The strikes are snapping licks on tender skin. He is breathing heavily. He finishes, and commands her to stop her raging cries, admonishing, “That will teach you to never take your shirt off in public…go to your room!”

His girth makes it difficult for him to rise, he retreats while Suzette escapes in terror.

Nobody comes to her aid. She curls in a fetal position; a sinking growl emerging. I know I am bad, but I don’t know why God doesn’t help me. I must be very bad.

She awakes, turning her head toward the door when she hears Mother’s call for dinner. The summer sunset is bleeding through weeping gauze draperies filling her room with a bloody glow. She lays there with clinched fists. I’m not hungry. I will never eat again. I will die here and they will find me and be sorry, and miss me.   And I will be dead! Father will miss me most because he killed me; and he will always be sorry. Forever.

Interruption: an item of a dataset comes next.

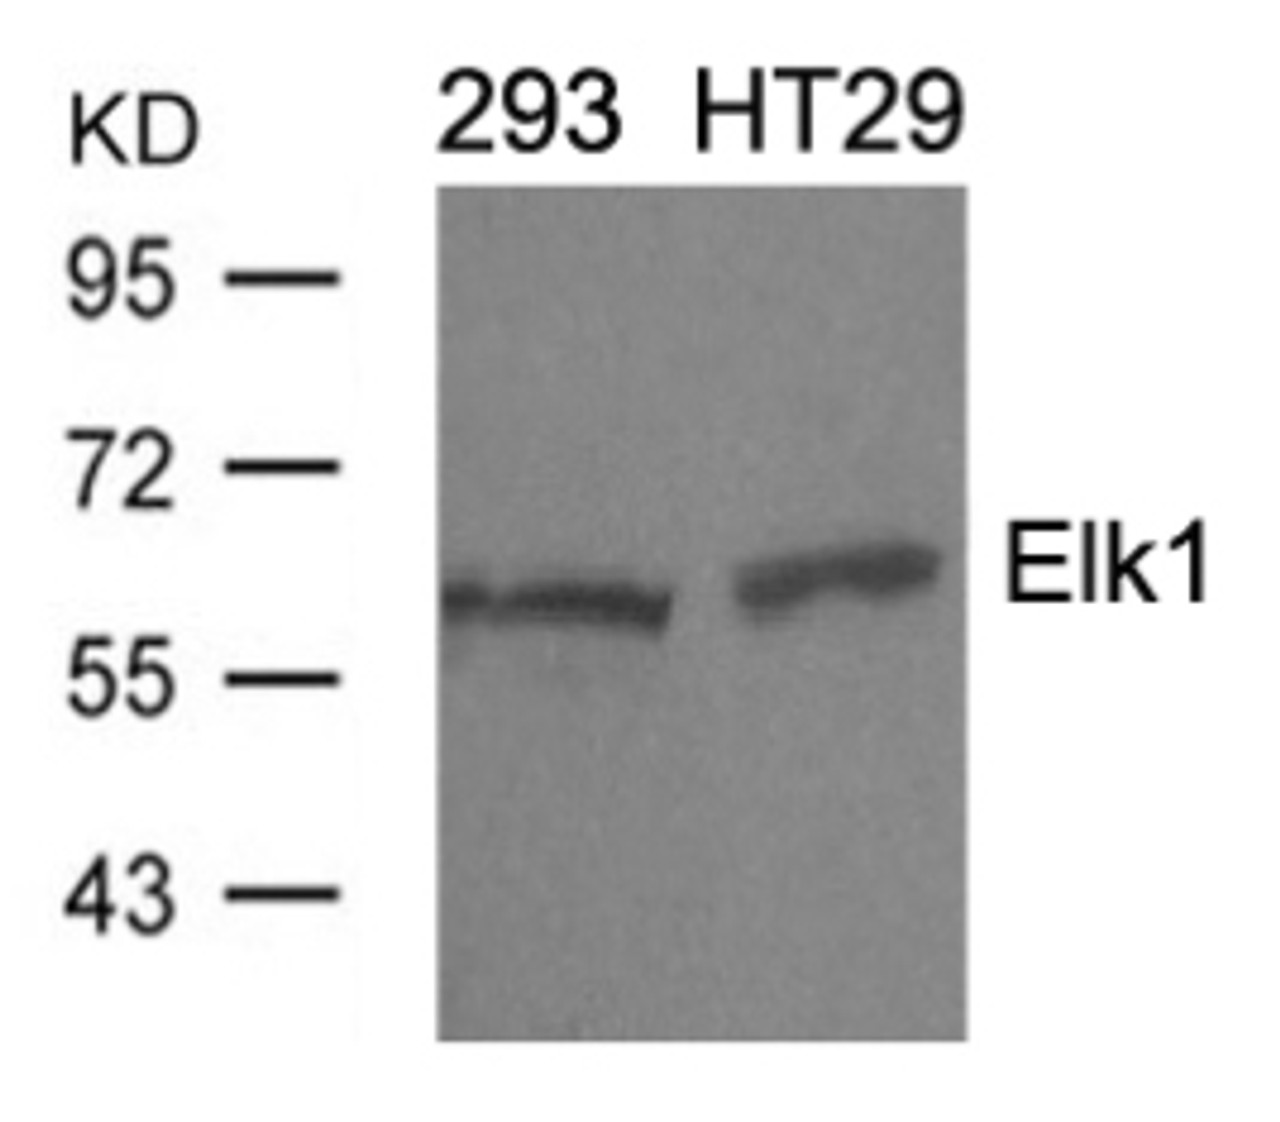 Western blot analysis of lysed extracts from 293 and HT29 cells using Elk1 (Ab-389) .

Sunday morning all is forgotten as they march up to the rustic make-shift warehouse next to the railroad tracks. Father and Mother separate from them, blending into the upstairs hall, while the children take the steep stairs down to the basement Sunday School. Suzette pauses to hold the railing so she can look up at the portrait of Jesus. In the painting Jesus is pulling children into his lap. Suzette trembles, longing for his touch. She clutches the rail that turns steeply to the right,  wondering why she is so bad, and why she doesn’t deserve Father’s love. She decides that Jesus wouldn’t love her either. Her sister demands, “Move! Suzette!” She lowers her head to avoid looking Jesus in the eye, and steps down.